- _Supplied records_
⁂

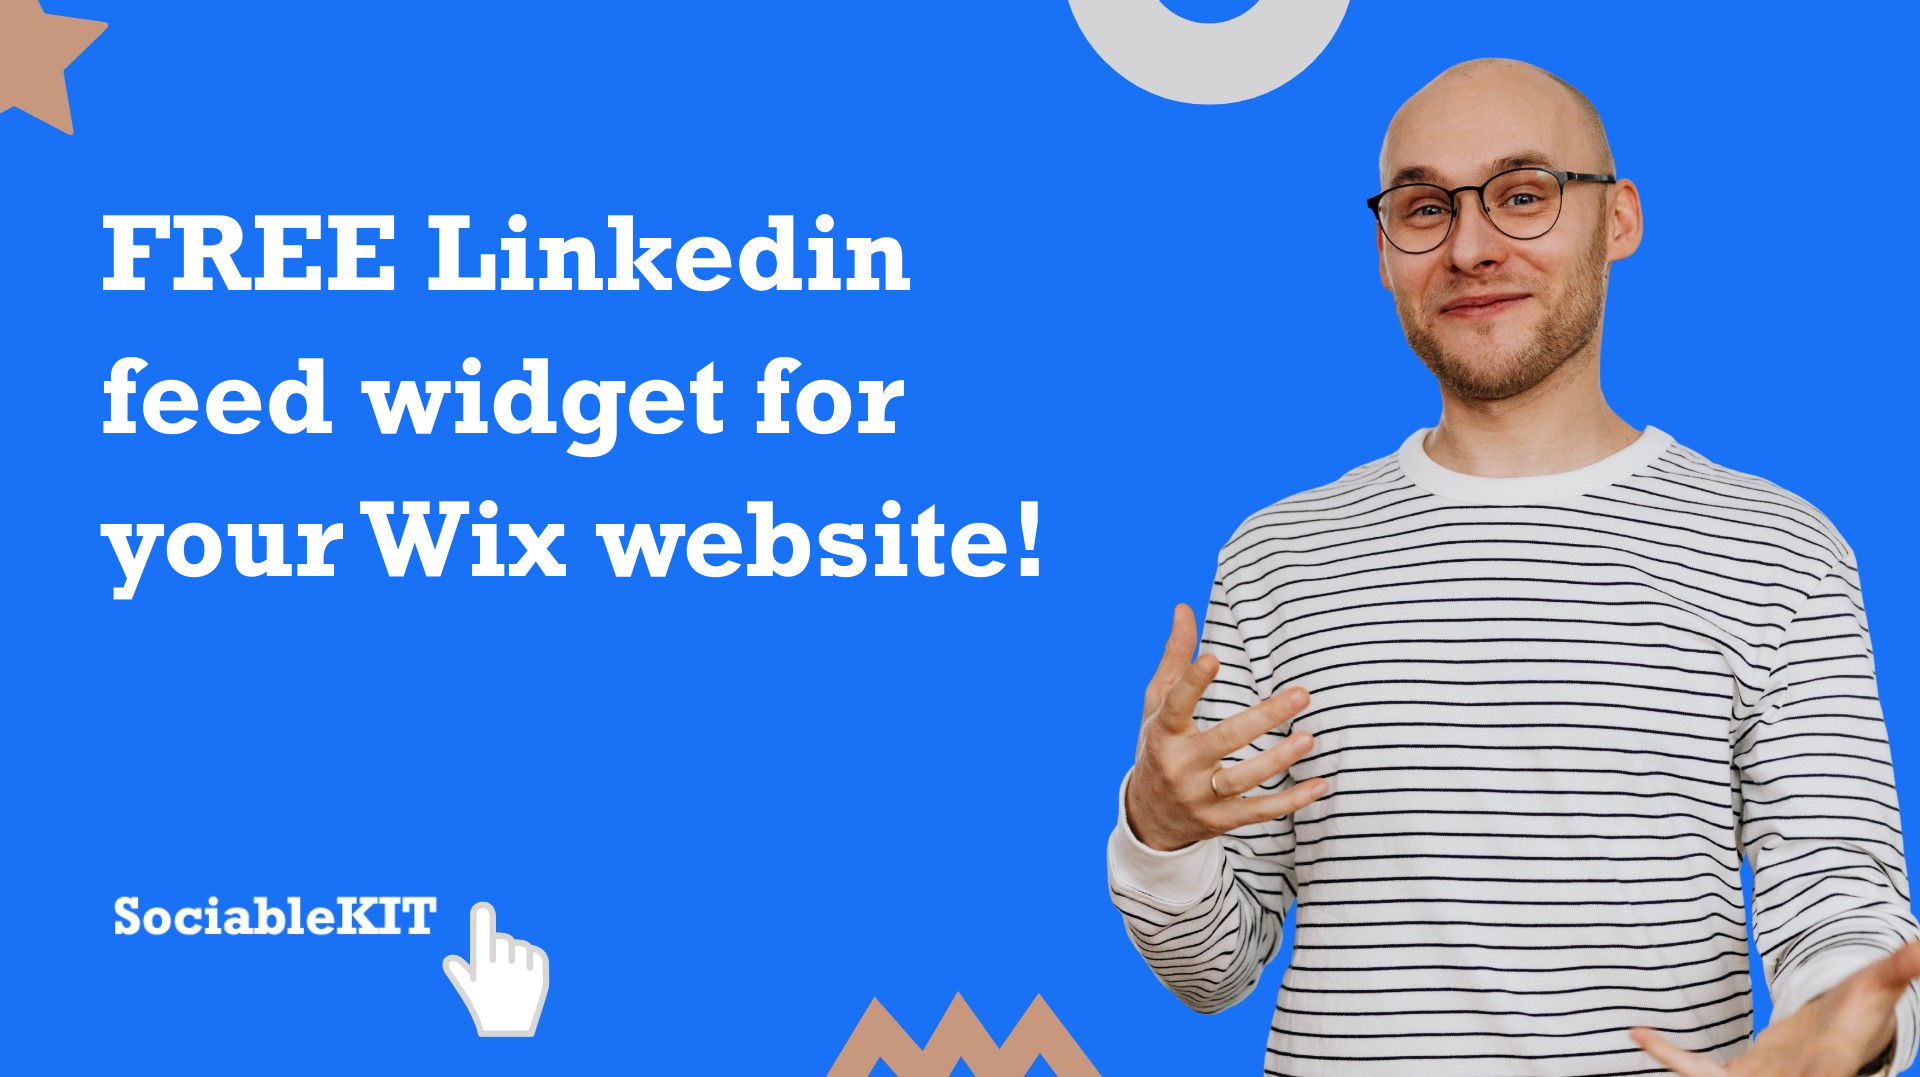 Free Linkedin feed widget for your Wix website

⁂

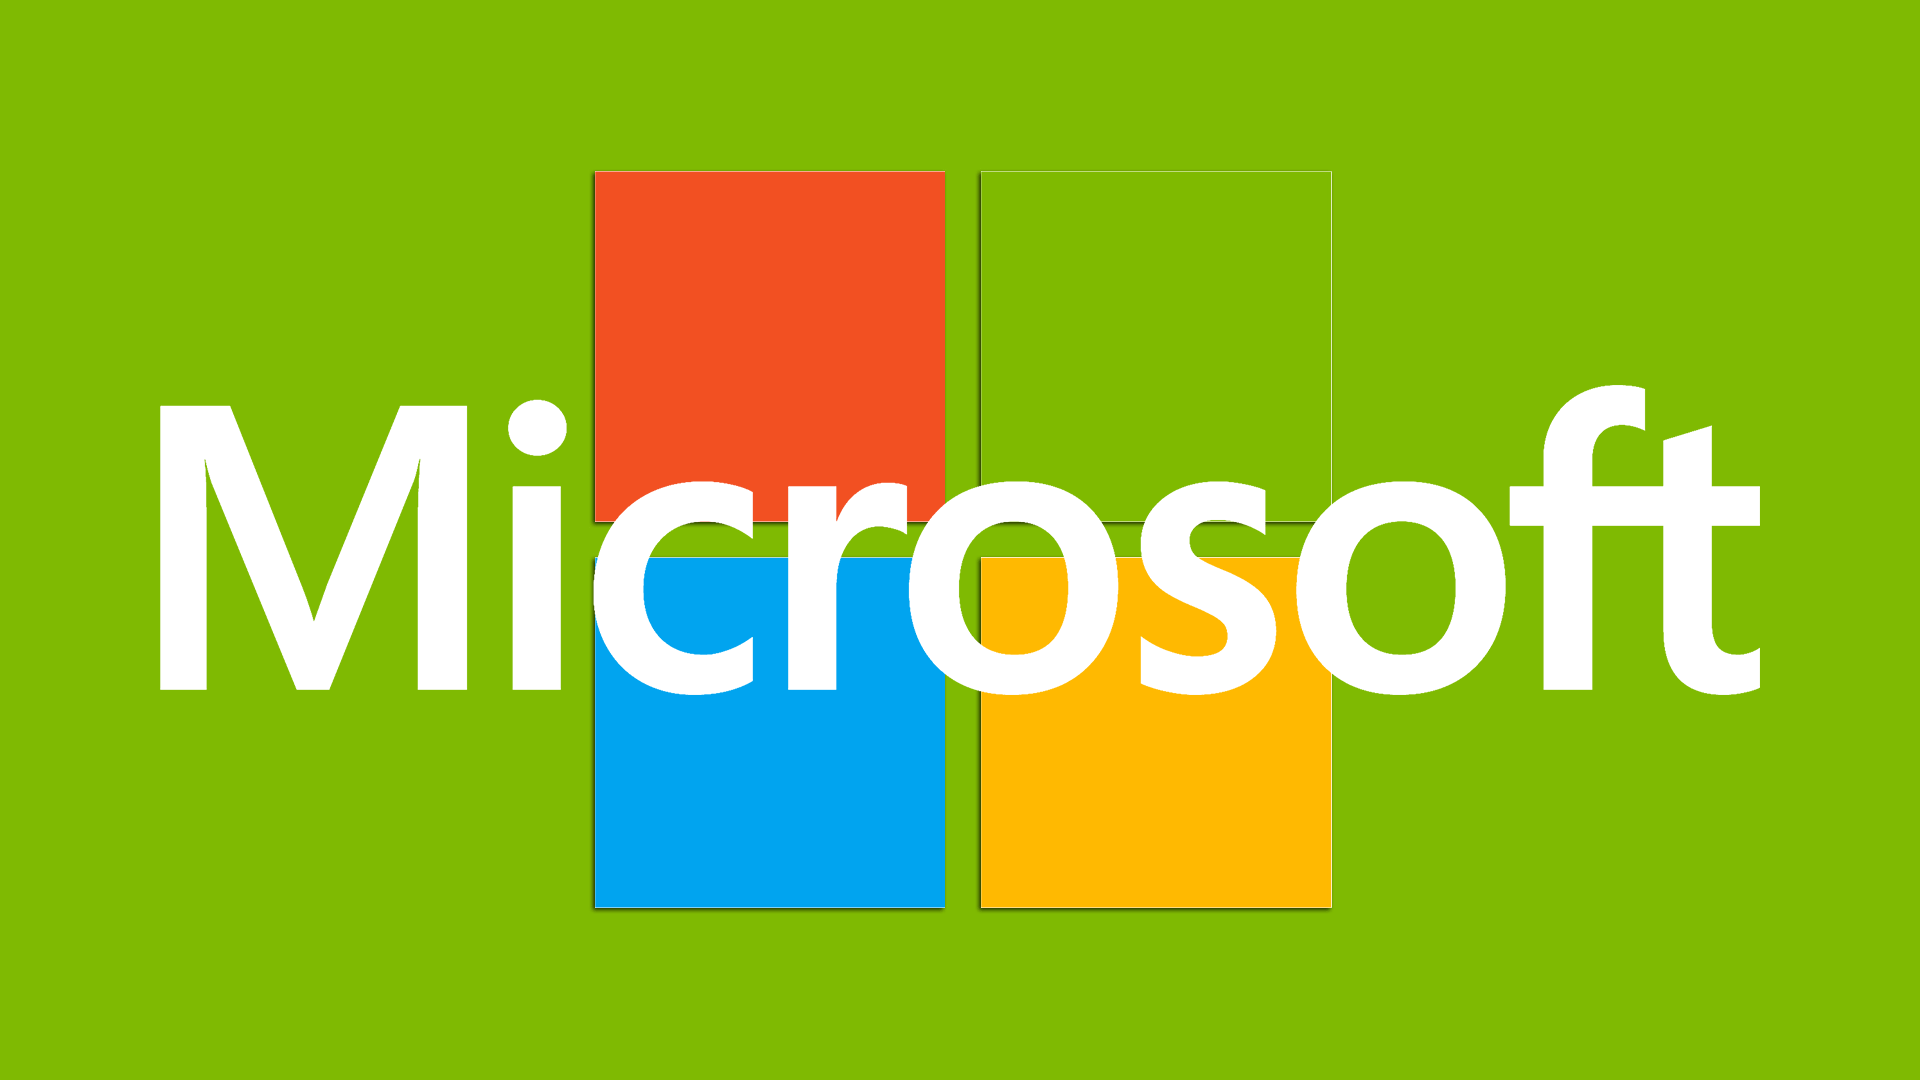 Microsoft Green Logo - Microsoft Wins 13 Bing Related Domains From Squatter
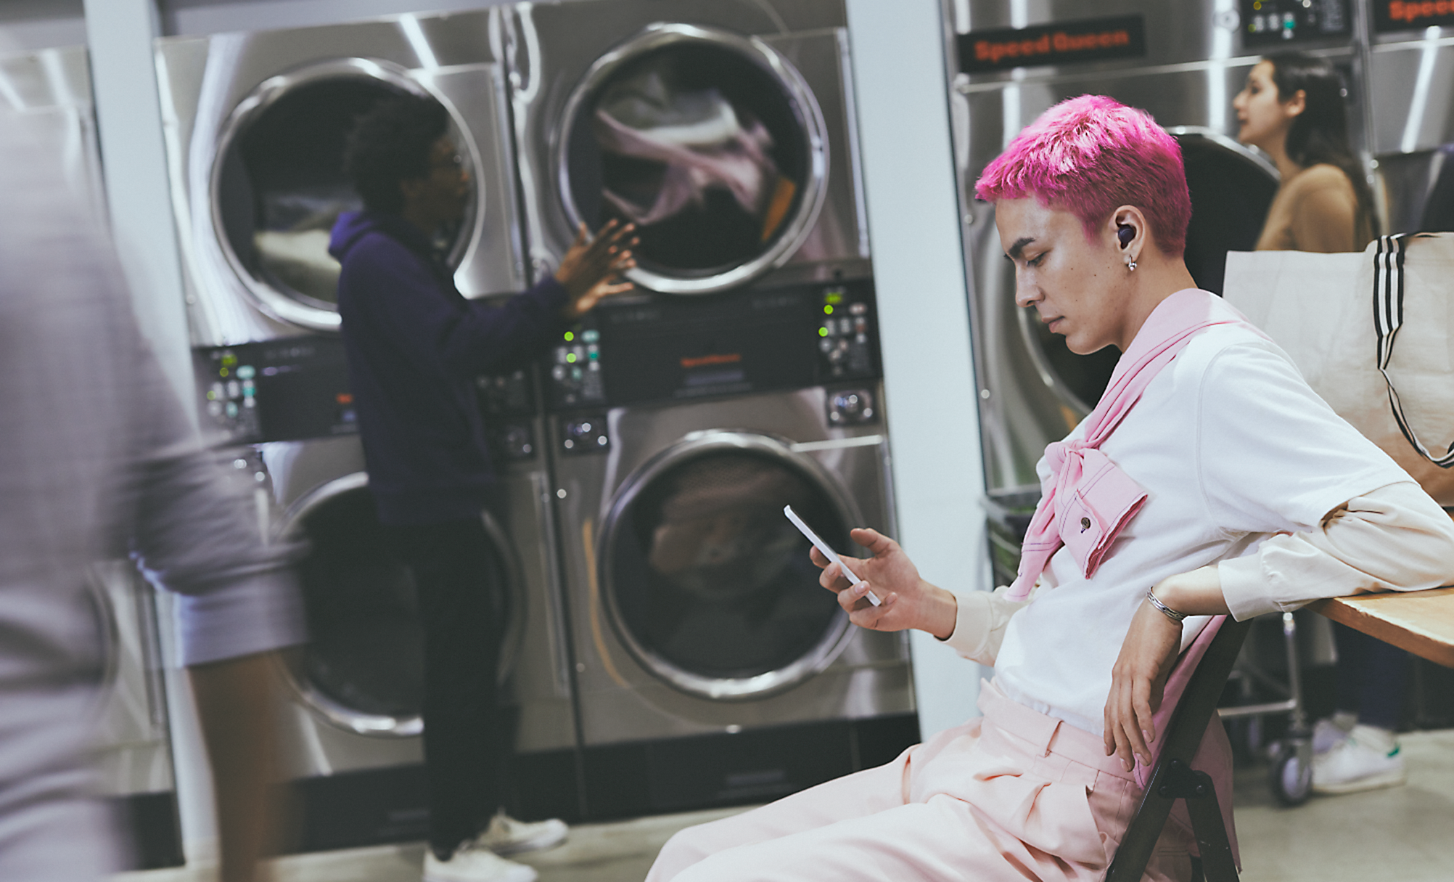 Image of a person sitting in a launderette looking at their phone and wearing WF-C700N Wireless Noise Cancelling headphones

⁂

- _Exercise requirements_
Excluding any pictures, print exactly the lines of the listing above from the line with "Microsoft Green Logo" to the line with "Image of a person", both ends included.

- _Exercise output_
 Microsoft Green Logo - Microsoft Wins 13 Bing Related Domains From Squatter
 Image of a person sitting in a launderette looking at their phone and wearing WF-C700N Wireless Noise Cancelling headphones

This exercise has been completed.